BEGIN Raw data

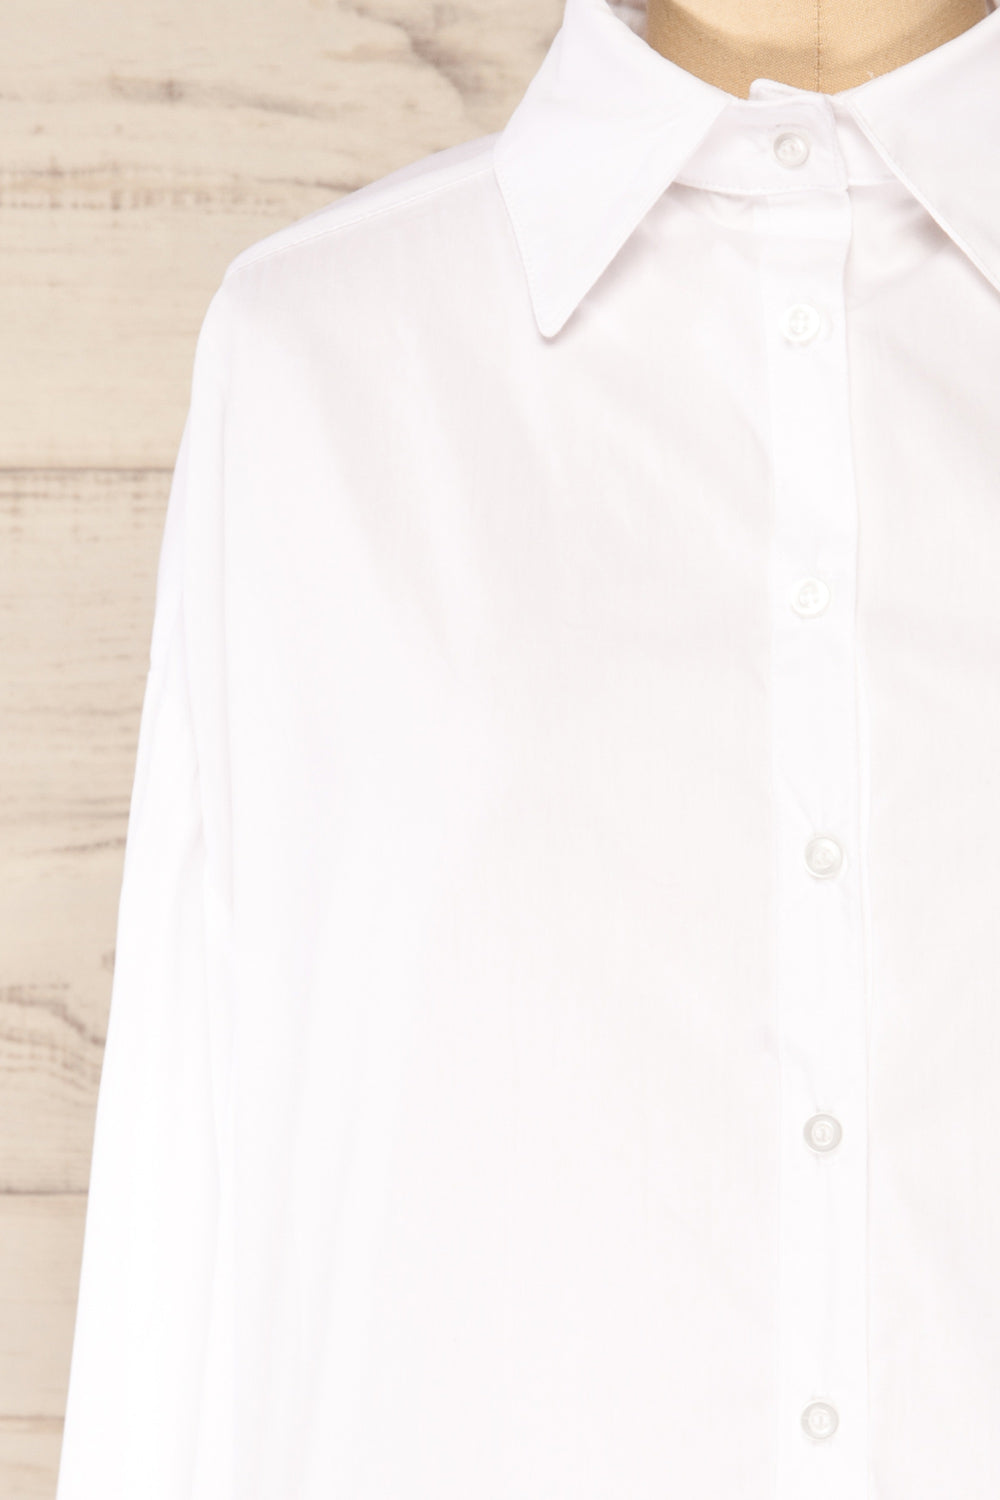 Blairr White Long Sleeve Button-Up Shirt
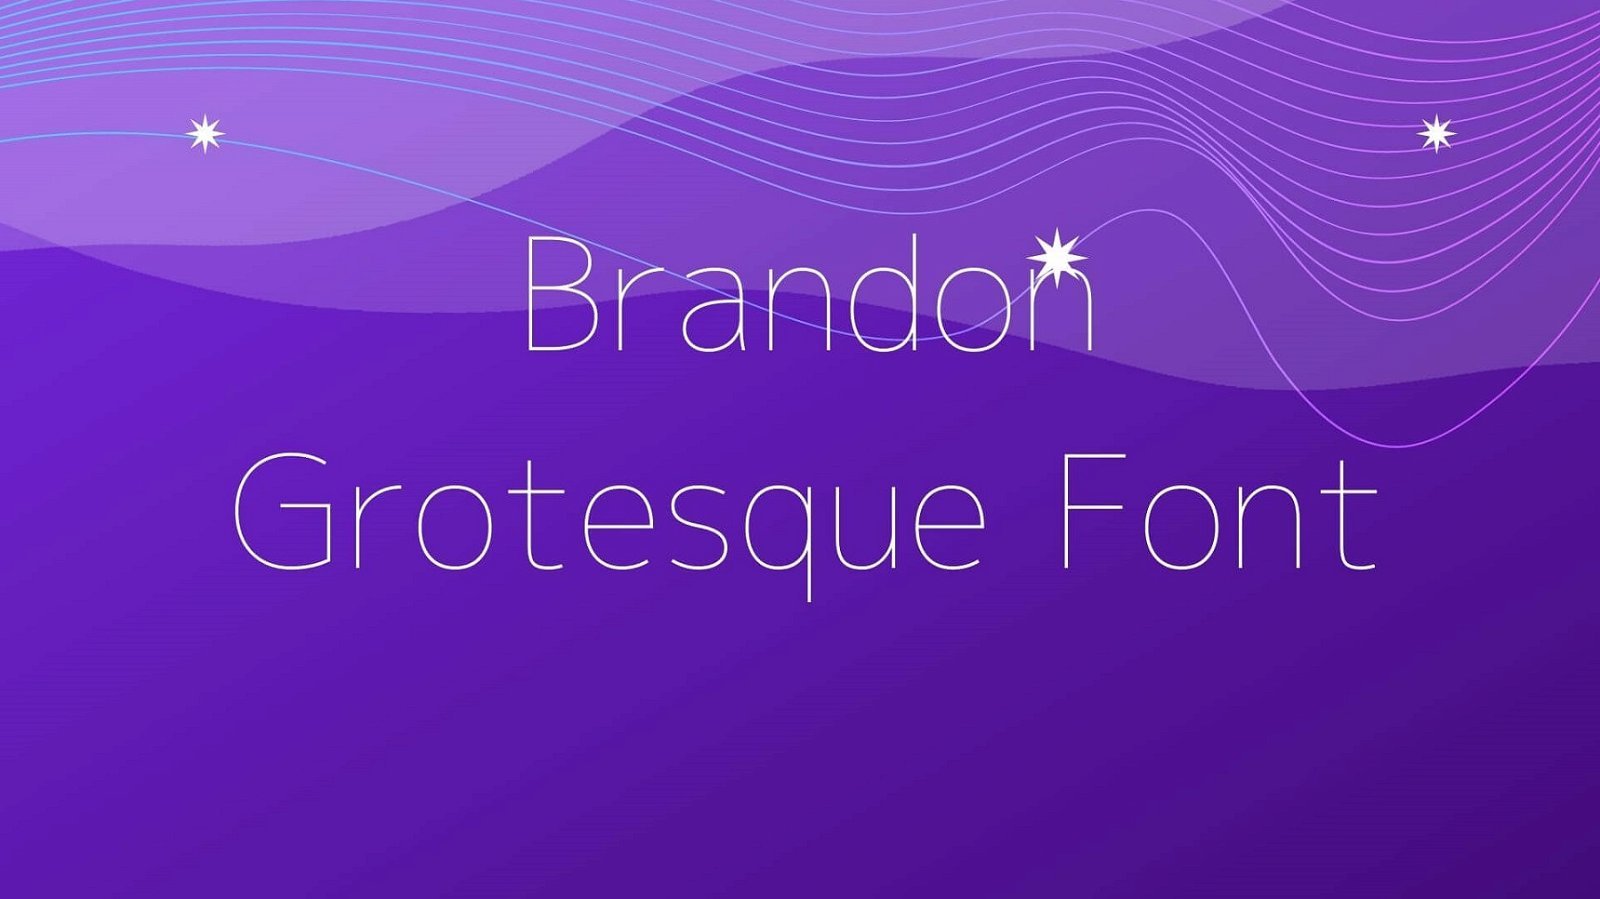 Brandon Grosteque Font
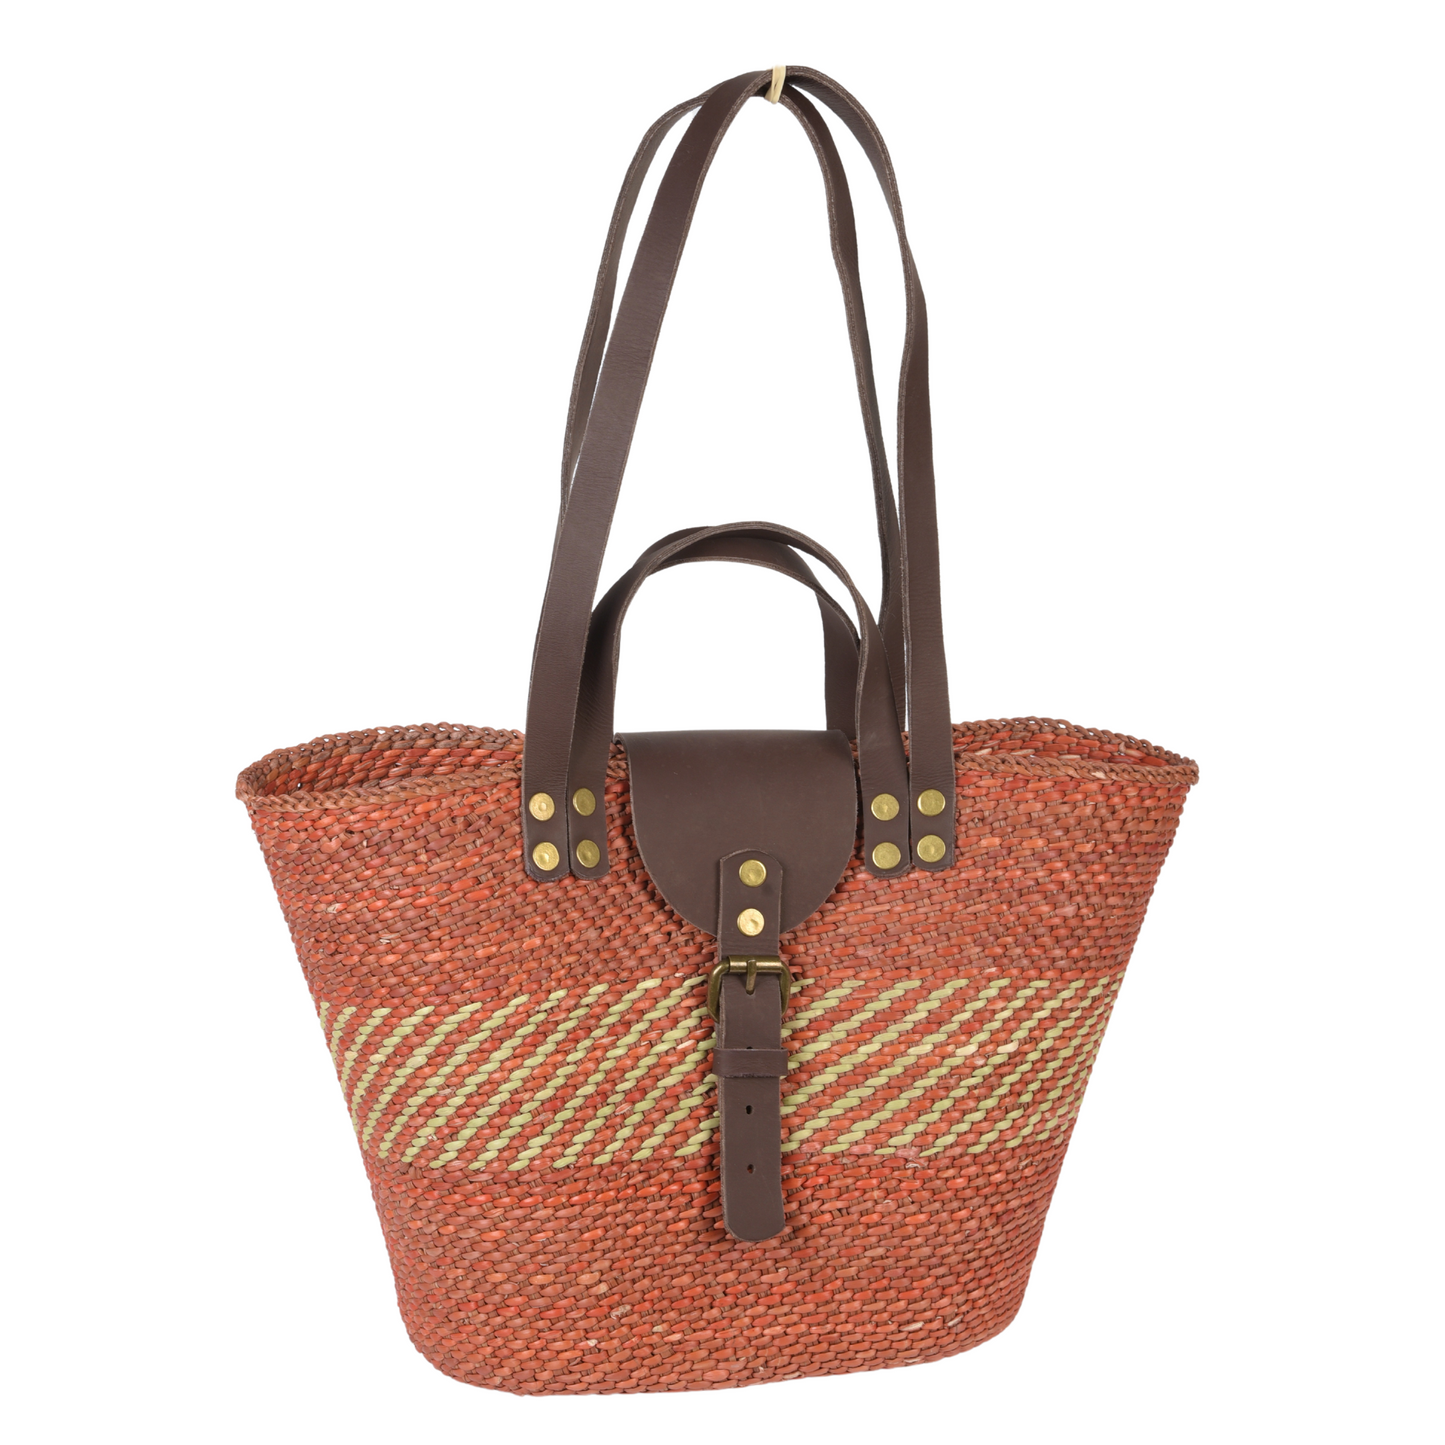 Iringa Handwoven Handbag Basket with leather flap (Double Straps)
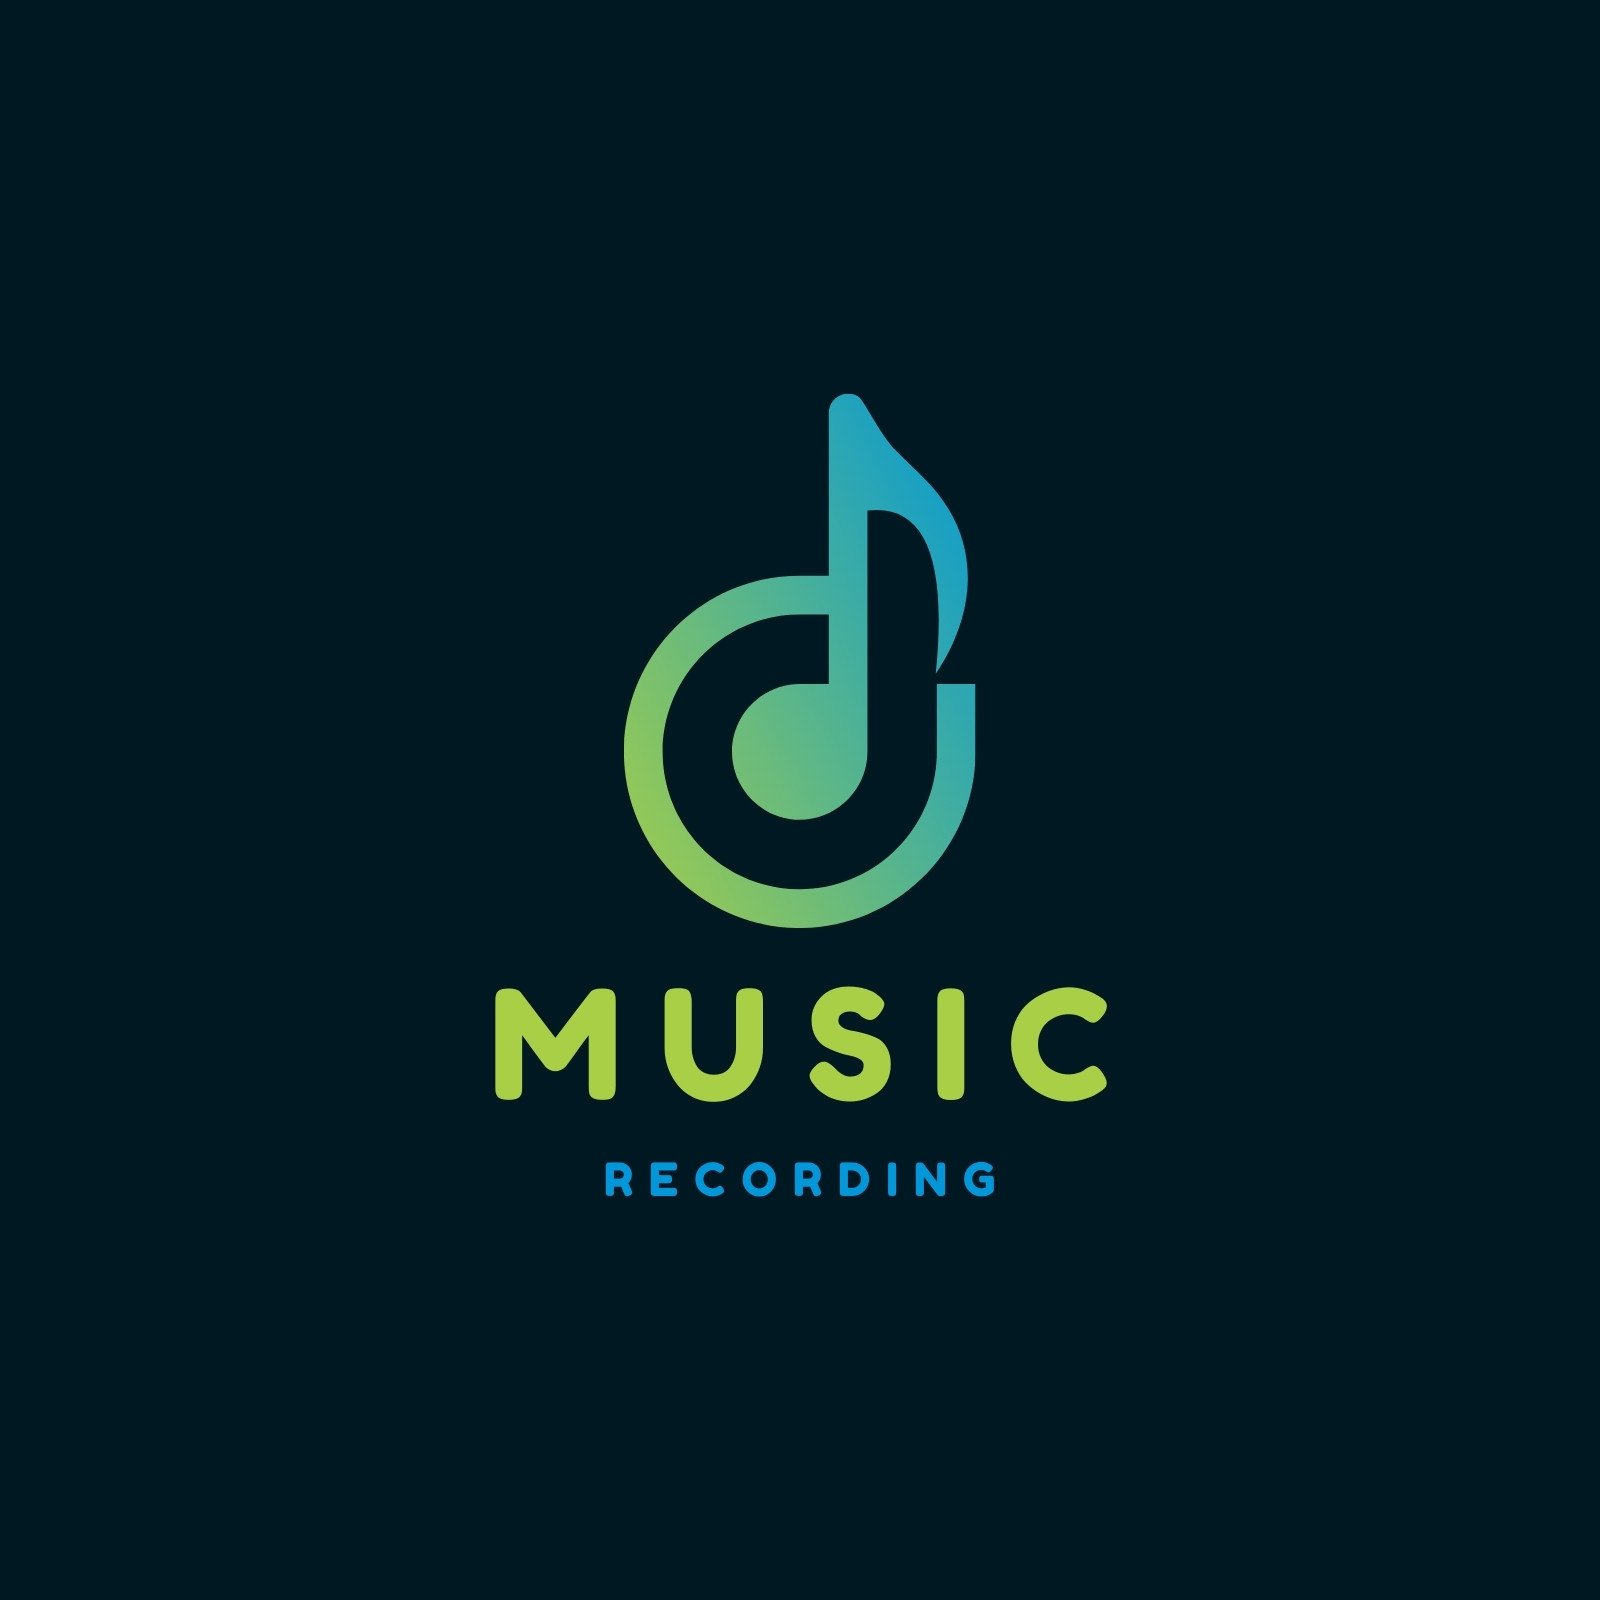 Free printable music logo templates | Canva

END Raw data

-- Exercise goal --
What you write must match, line for line, the lines from the one with "Brandon Grosteque Font" through the last line of the data above, minus the pictures.

-- Answer to the exercise --
 Brandon Grosteque Font
 Iringa Handwoven Handbag Basket with leather flap (Double Straps)
 Free printable music logo templates | Canva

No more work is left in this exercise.